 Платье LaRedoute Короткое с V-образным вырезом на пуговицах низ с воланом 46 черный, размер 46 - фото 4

--

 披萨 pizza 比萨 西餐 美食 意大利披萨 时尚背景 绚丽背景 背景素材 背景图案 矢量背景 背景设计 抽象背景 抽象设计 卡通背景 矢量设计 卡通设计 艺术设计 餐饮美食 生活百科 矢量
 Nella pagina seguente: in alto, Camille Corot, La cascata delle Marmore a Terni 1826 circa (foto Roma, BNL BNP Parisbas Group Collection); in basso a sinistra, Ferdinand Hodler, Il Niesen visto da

● TASK PROMPT:
Reproduce the lines above, beginning at the line with "披萨 pizza 比萨" and stopping after the line with "Nella pagina seguente: in", exactly as they are.

● WRITTEN SOLUTION:
 披萨 pizza 比萨 西餐 美食 意大利披萨 时尚背景 绚丽背景 背景素材 背景图案 矢量背景 背景设计 抽象背景 抽象设计 卡通背景 矢量设计 卡通设计 艺术设计 餐饮美食 生活百科 矢量
 Nella pagina seguente: in alto, Camille Corot, La cascata delle Marmore a Terni 1826 circa (foto Roma, BNL BNP Parisbas Group Collection); in basso a sinistra, Ferdinand Hodler, Il Niesen visto da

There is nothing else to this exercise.